START Stored data

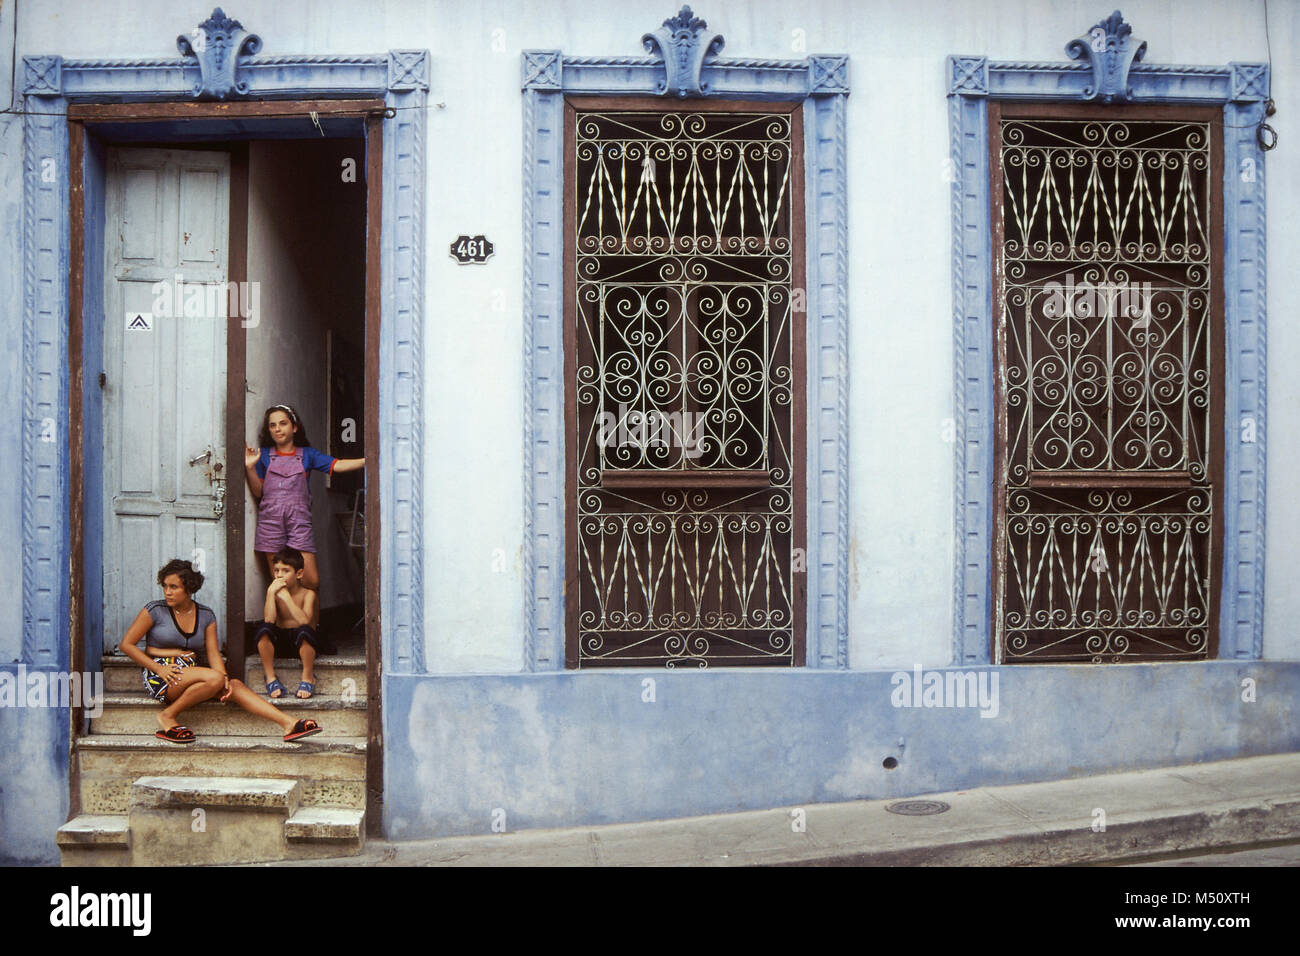 Vista frontale della madre locali e posti a sedere per bambini sui gradini della loro casa nella piccola città coloniale di Trinidad, Cuba Foto Stock
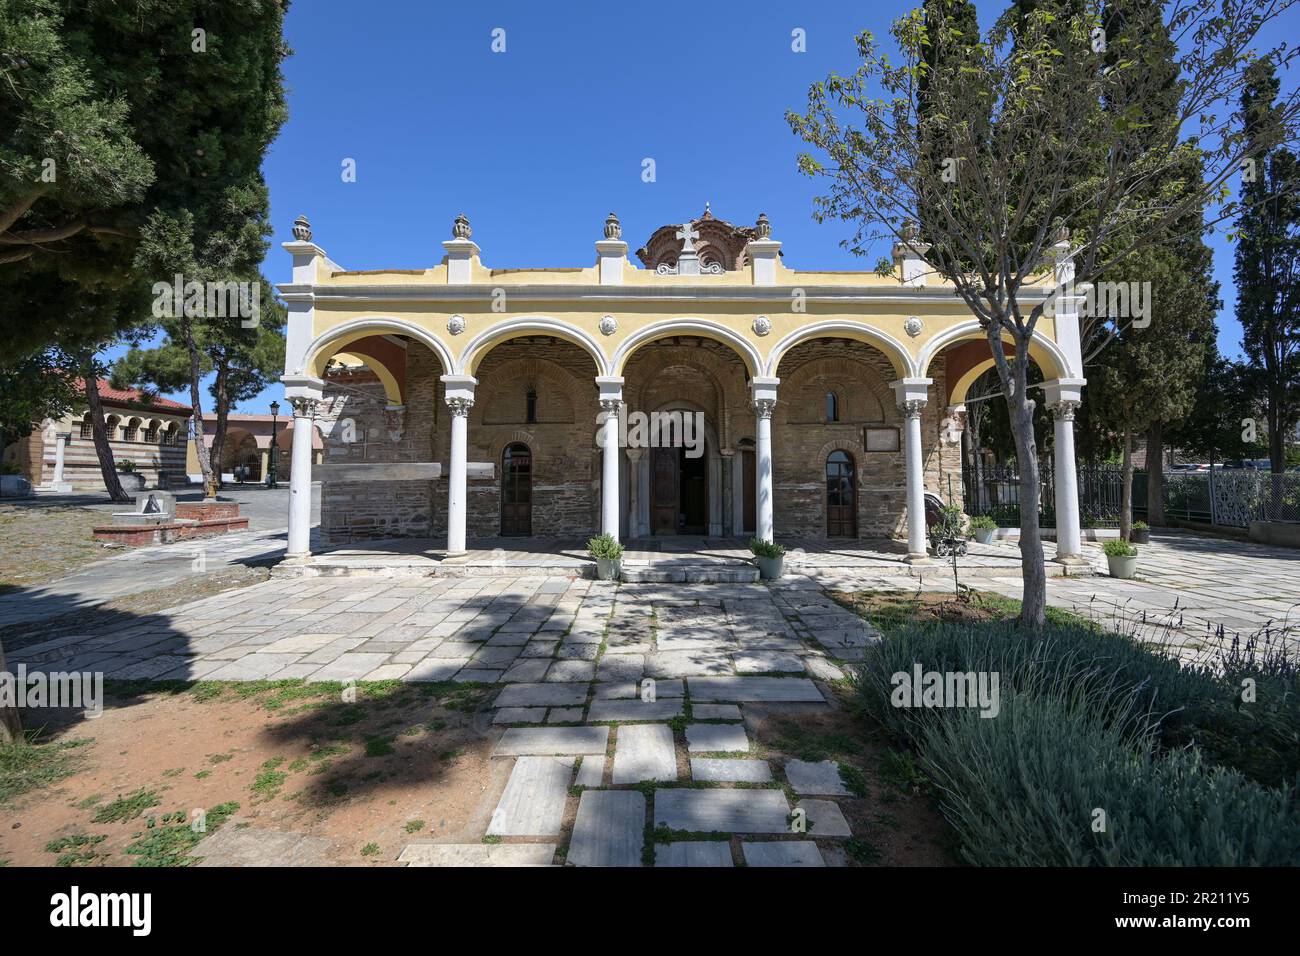 Vlatades Kloster, historischer byzantinischer Tempel in der Oberstadt Thessaloniki, Griechenland, UNESCO-Weltkulturerbe seit 1988, Wahrzeichen und Tourismus d Stockfoto
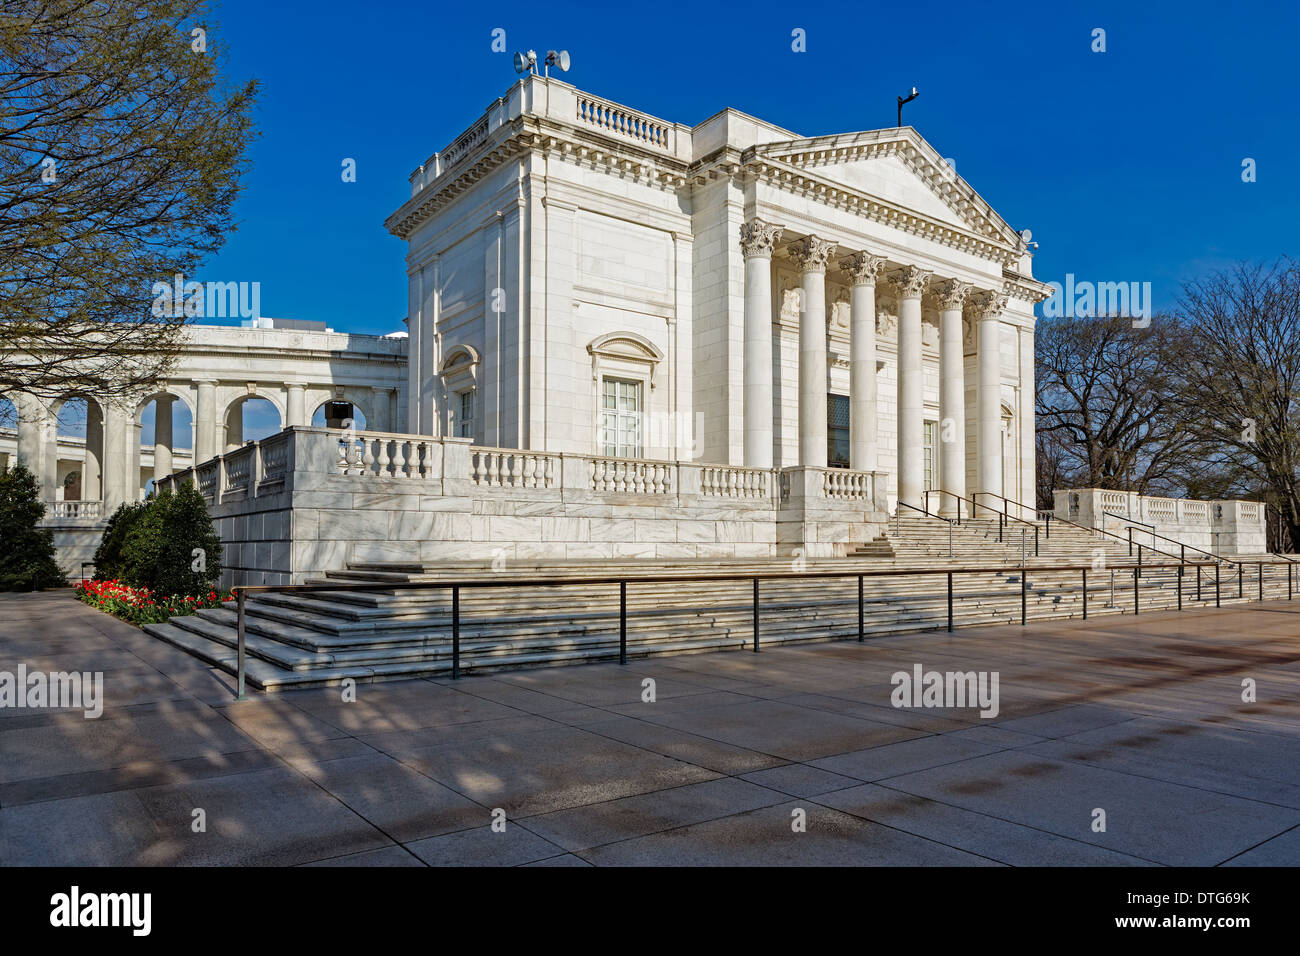 Vue de les détails architecturaux de l'Arlington Memorial Amphitheater au cimetière national d'Arlington en Virginie. L'Amphithéâtre est situé à côté de la tombe de l'inconnu des soldats. Banque D'Images

END Stored data

Give the listing again, exactly as it appears, but without its images.

 Vista frontale della madre locali e posti a sedere per bambini sui gradini della loro casa nella piccola città coloniale di Trinidad, Cuba Foto Stock
 Vlatades Kloster, historischer byzantinischer Tempel in der Oberstadt Thessaloniki, Griechenland, UNESCO-Weltkulturerbe seit 1988, Wahrzeichen und Tourismus d Stockfoto
 Vue de les détails architecturaux de l'Arlington Memorial Amphitheater au cimetière national d'Arlington en Virginie. L'Amphithéâtre est situé à côté de la tombe de l'inconnu des soldats. Banque D'Images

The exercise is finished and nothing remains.